Immersive Tech is a great way to impart training to medical personnel. Statistics show that people who’ve trained using AR, VR, and MR tech have shown an 80% retention rate even after a year of training, but, those who were given traditional training showed only 20% retention just after a week of training. This shows how efficient it is to use immersive tech to train our healthcare professionals; because effective training methods lead to sound medical practices.
#4 Human Touch
The importance of this in healthcare cannot be overstated. No matter how far the innovations of this era expand unless they don’t have a human quotient in them, they cannot be applied to the healthcare industry. Fortunately for us, Immersive tech is accompanied by haptic technology that can create an experience of touch by applying forces and vibrations. This offers the feeling of true immersion in those environments.
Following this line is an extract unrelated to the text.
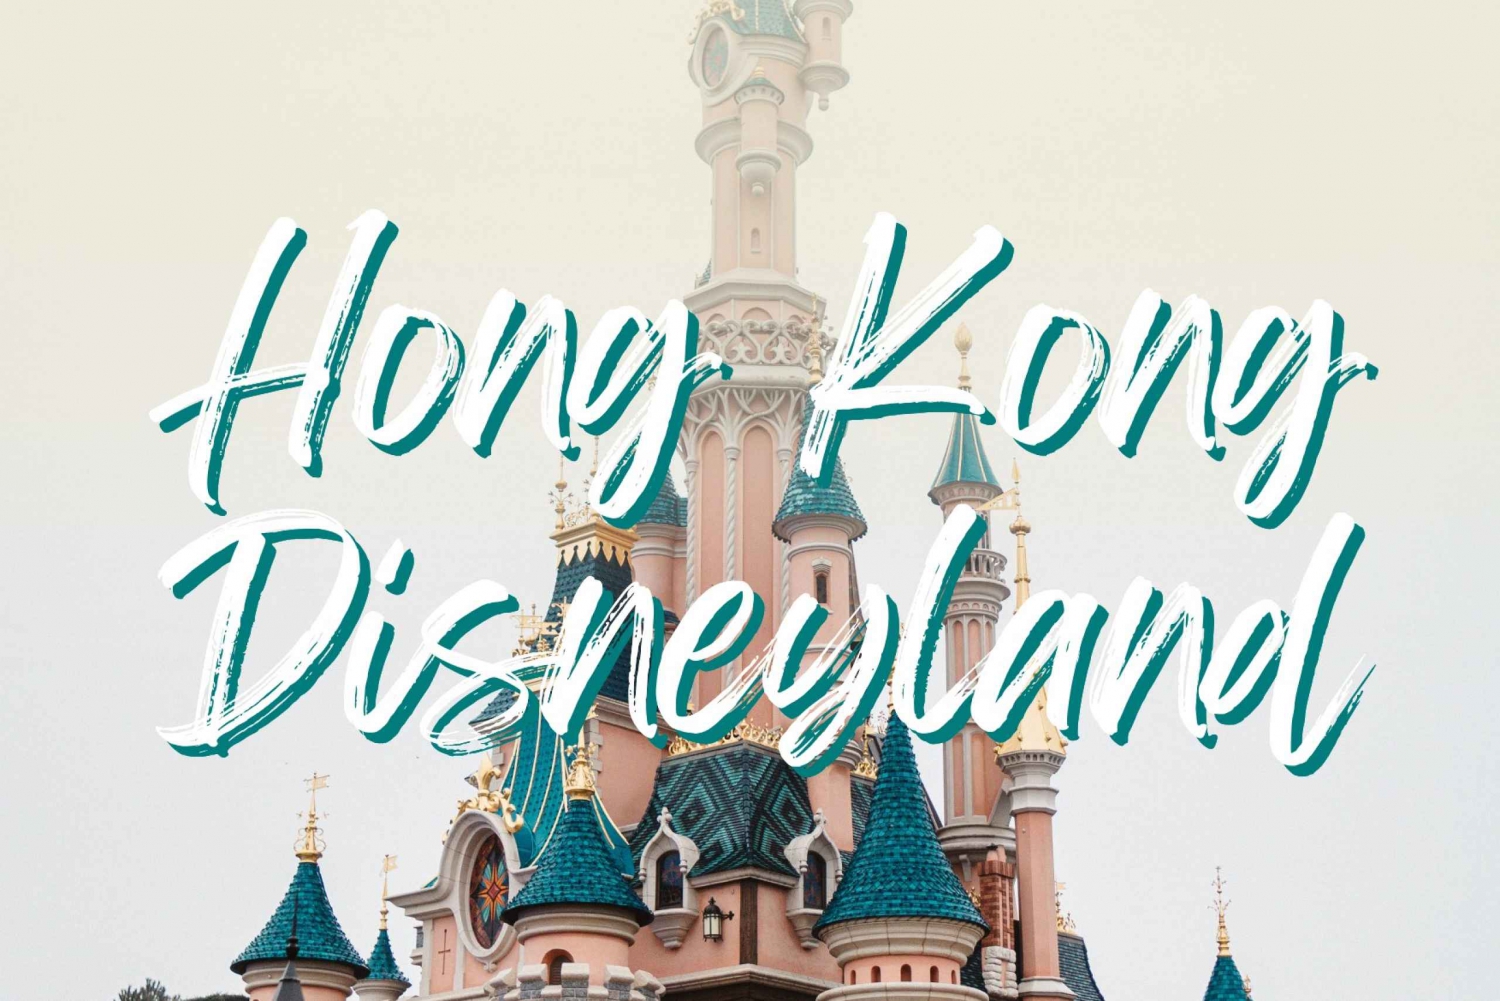 Hongkong Package 2 : Disneyland avec visite libre de la ville

Studies show that patients undergoing rehabilitation lose motivation for activities. Rehab can be tough. Firstly, there is a trauma aspect for most people in rehab centers. Secondly, being cut off from the outside world, doing the same tasks daily while most of them involve some kind of pain can be hard. Thirdly, most people lose motivation as they cannot see themselves getting any better.
VR-based rehab enables professionals to diagnose both the physical and cognitive aspects of a patient. For instance, in a VR-based rehab, a walk on a treadmill can be designed to offer the same experience as a walk in a park or a walk along the beach. Such exciting tasks elevate the interest of patients and stimulate their brains as well as their bodies. Also, studies show that parts of the brain linked to pain are less active when a patient is immersed in VR.
Challenges and Way Forward
With such amazing utilities, there must be no reason not to adopt these technologies in our healthcare practices. However, concerns like the high risk involved in unproven technology when dealing with human life, the question of the ‘human touch’, and data compliance and privacy issues put faster adoption of technologies at bay.
Nevertheless, as times are changing, perspectives are widening. Also, the pandemic has opened many doors to understand and uncover the vast potential and utilities of these immersive technologies. The era of immersion is upon us and the day is not far when these techs will be made mainstream.